TASK REQUIREMENTS: Copy out every line of the material below, character for character, apart from the pictures.

SUPPLIED DATA:
□ □ □
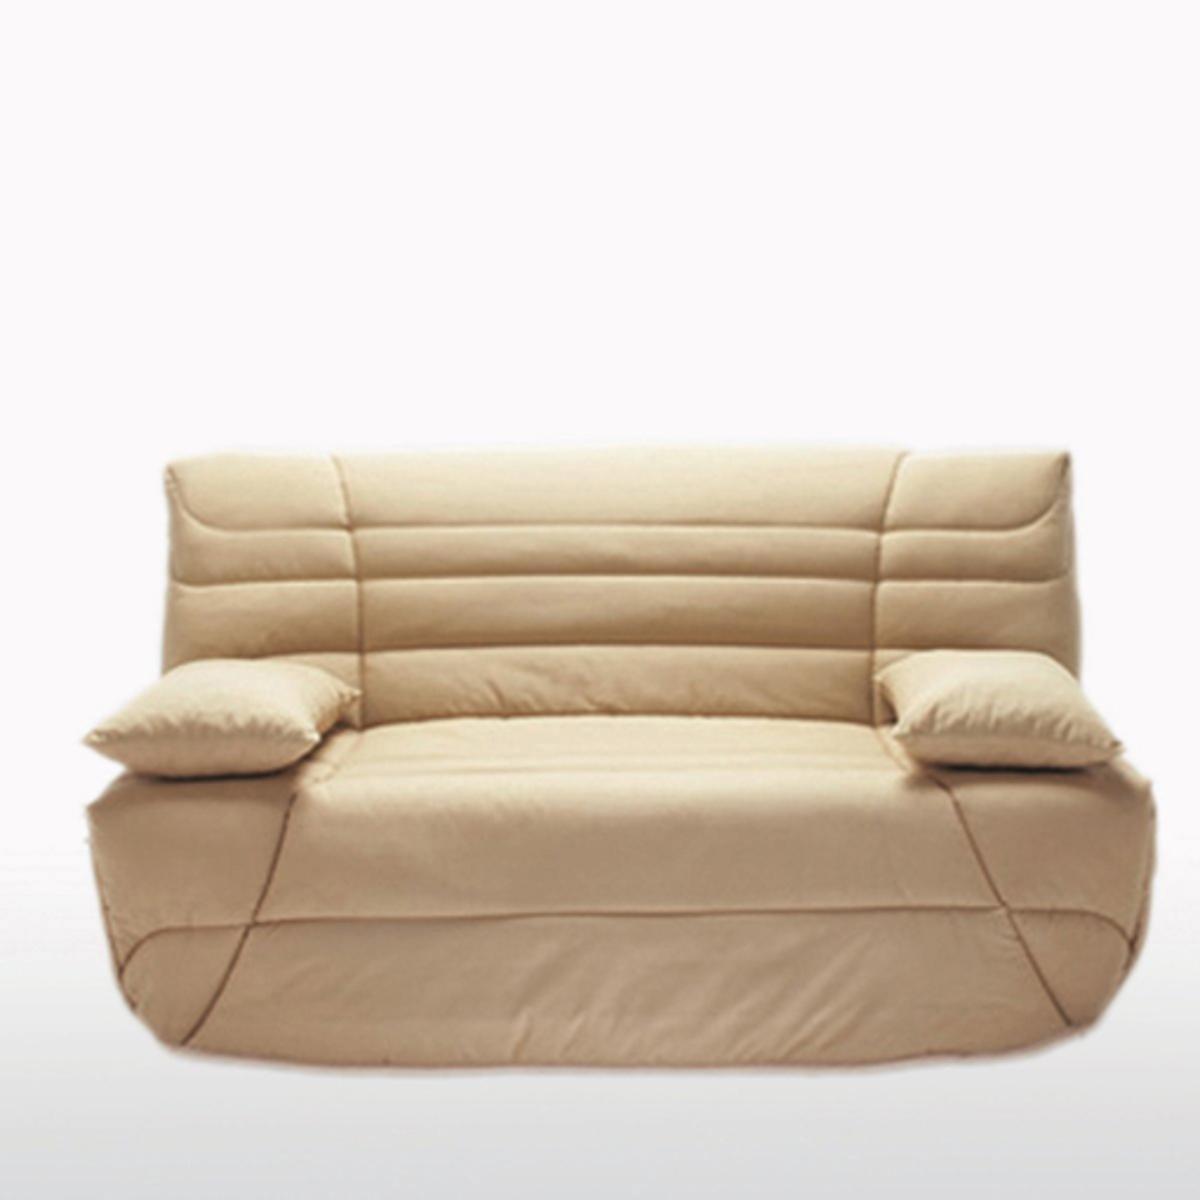 Чехол для дивана-книжки, толщина 14 см, усовершенствованная модель
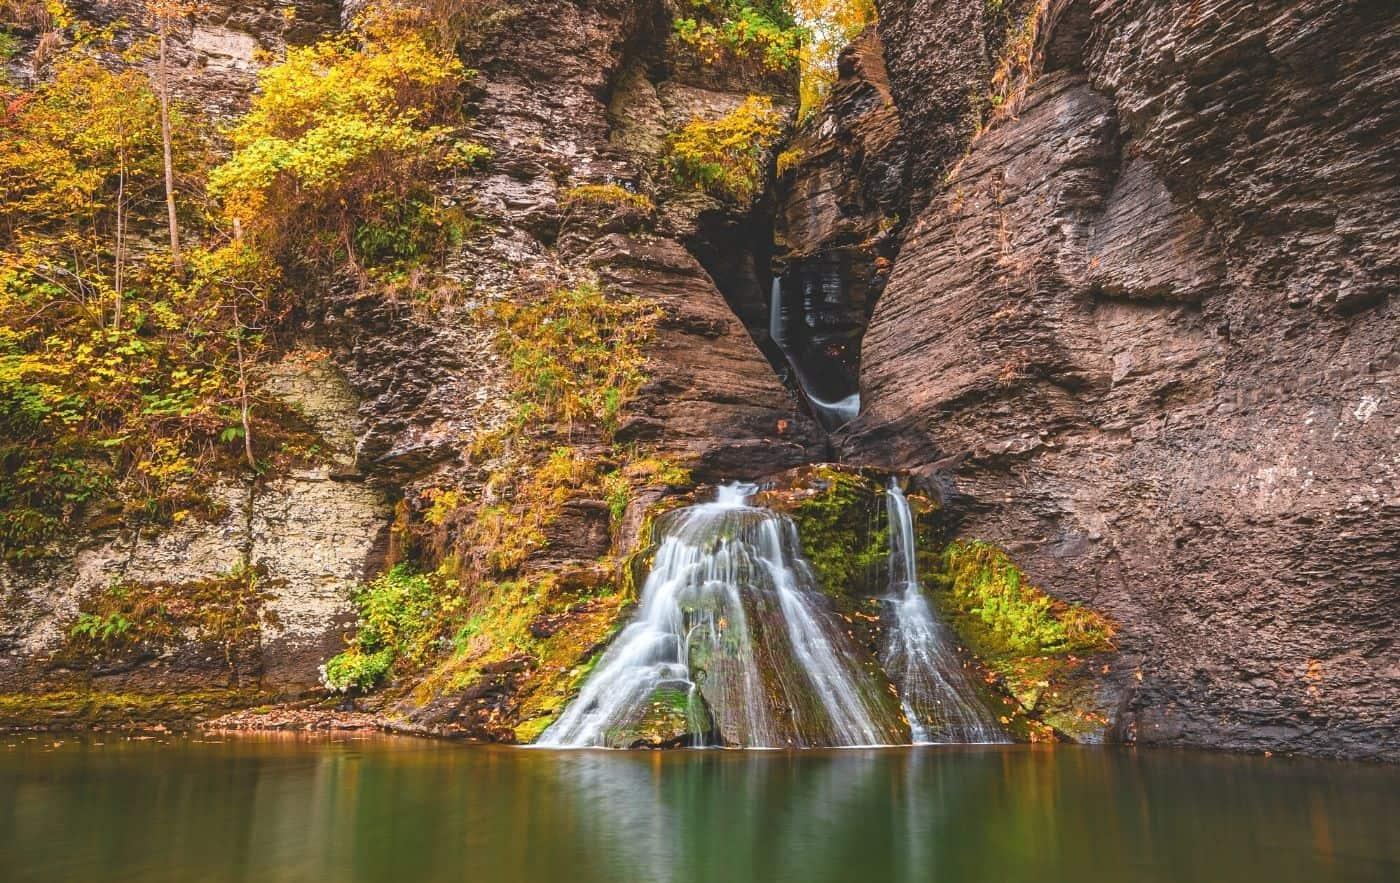 Mine Kill Falls, Best Waterfalls in New York in the Catskills.
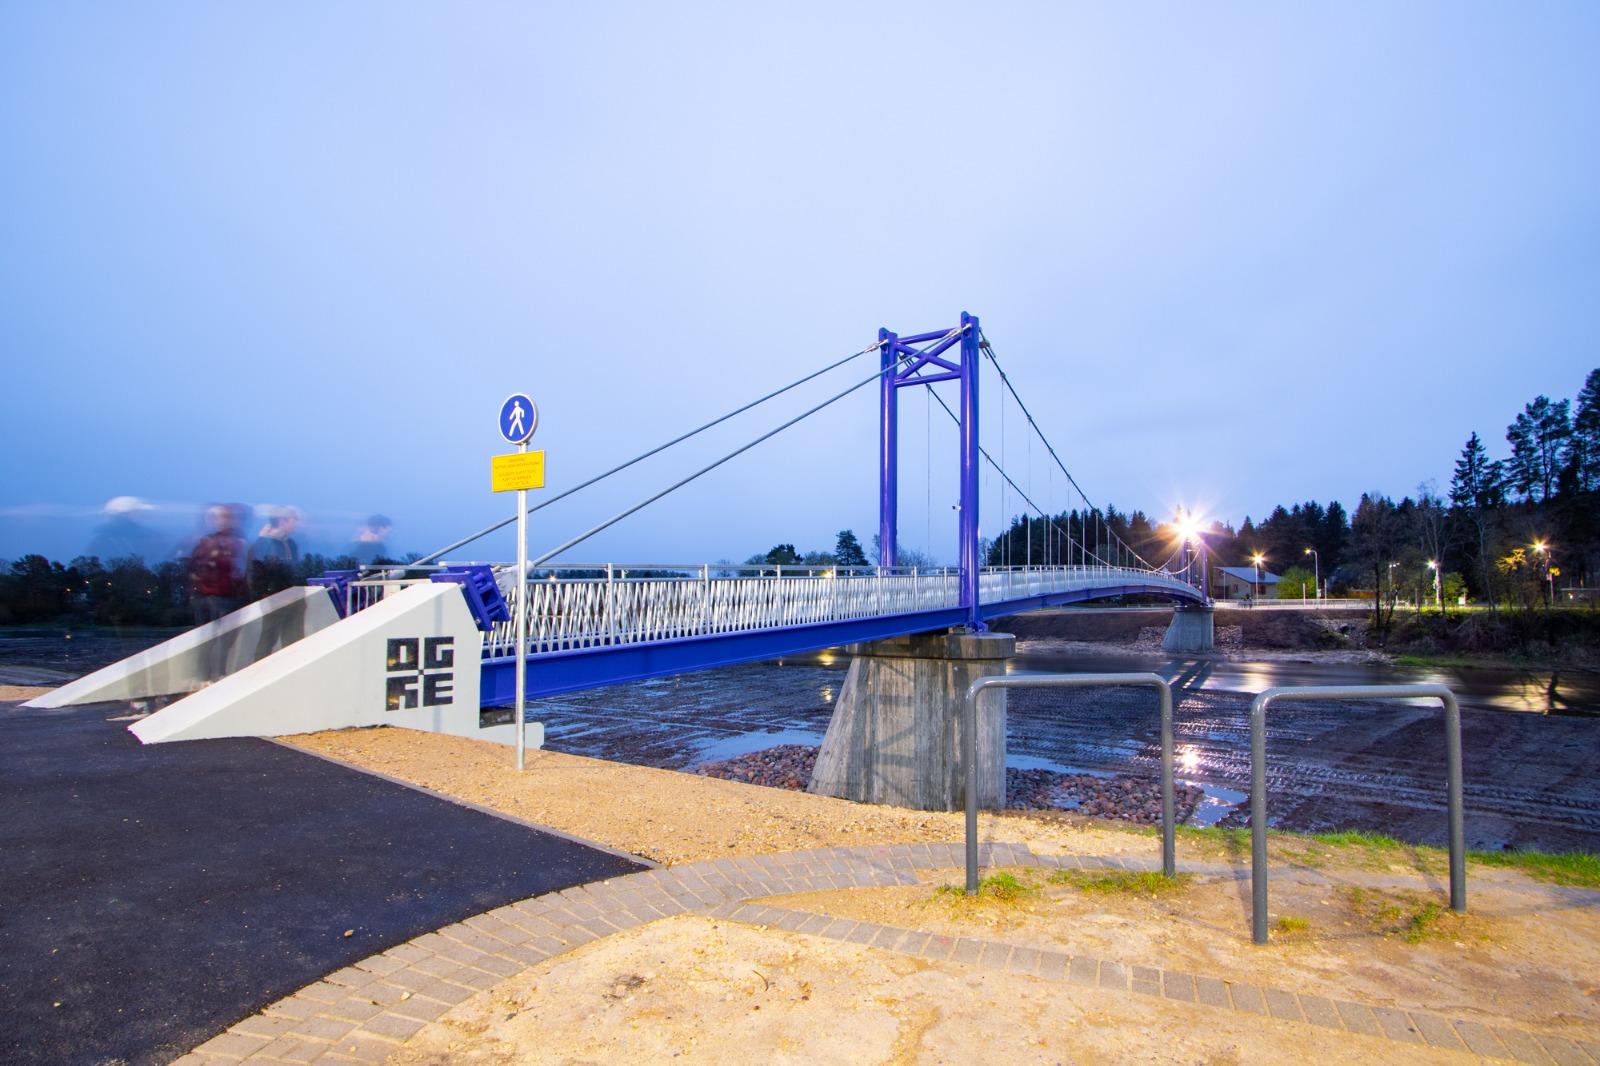 Ogrē atklāj jauno gājēju tiltu
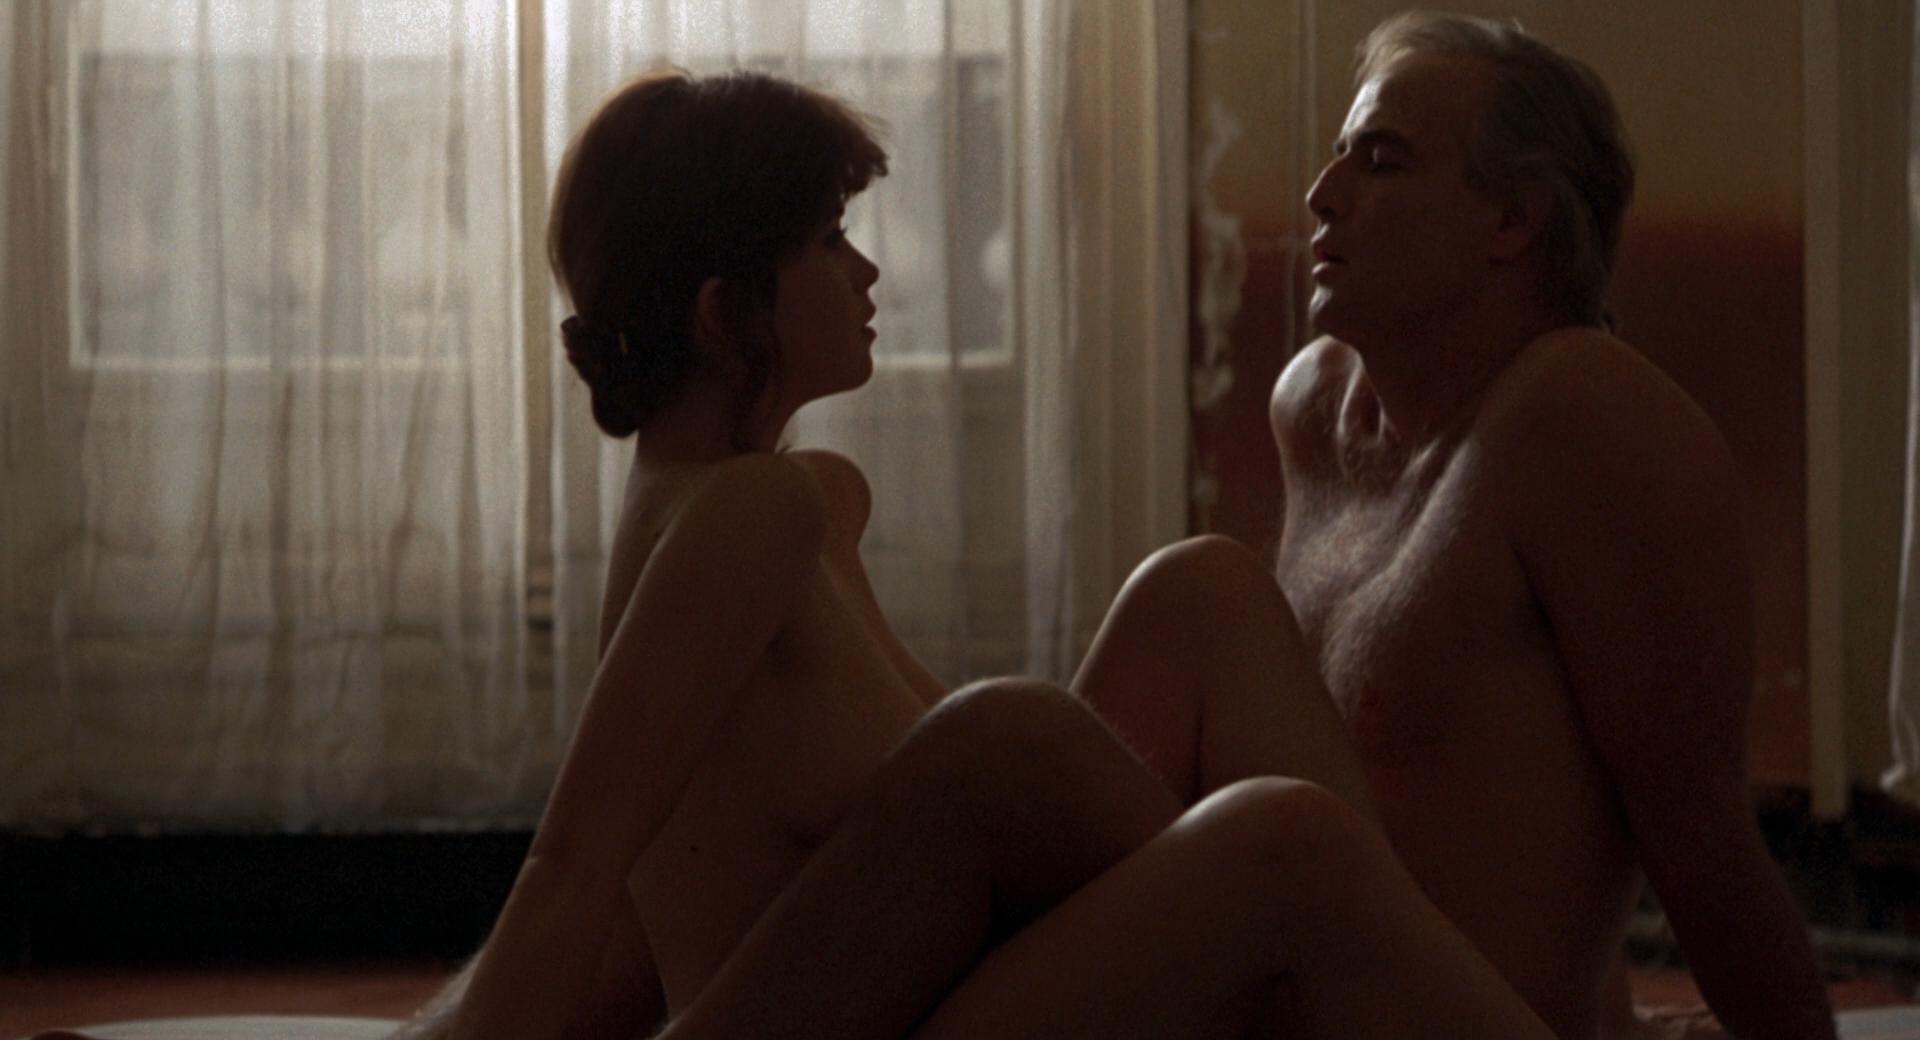 film romantico erotico cerco incontri con donne
□ □ □
YOUR RESPONSE:
 Чехол для дивана-книжки, толщина 14 см, усовершенствованная модель
 Mine Kill Falls, Best Waterfalls in New York in the Catskills.
 Ogrē atklāj jauno gājēju tiltu
 film romantico erotico cerco incontri con donne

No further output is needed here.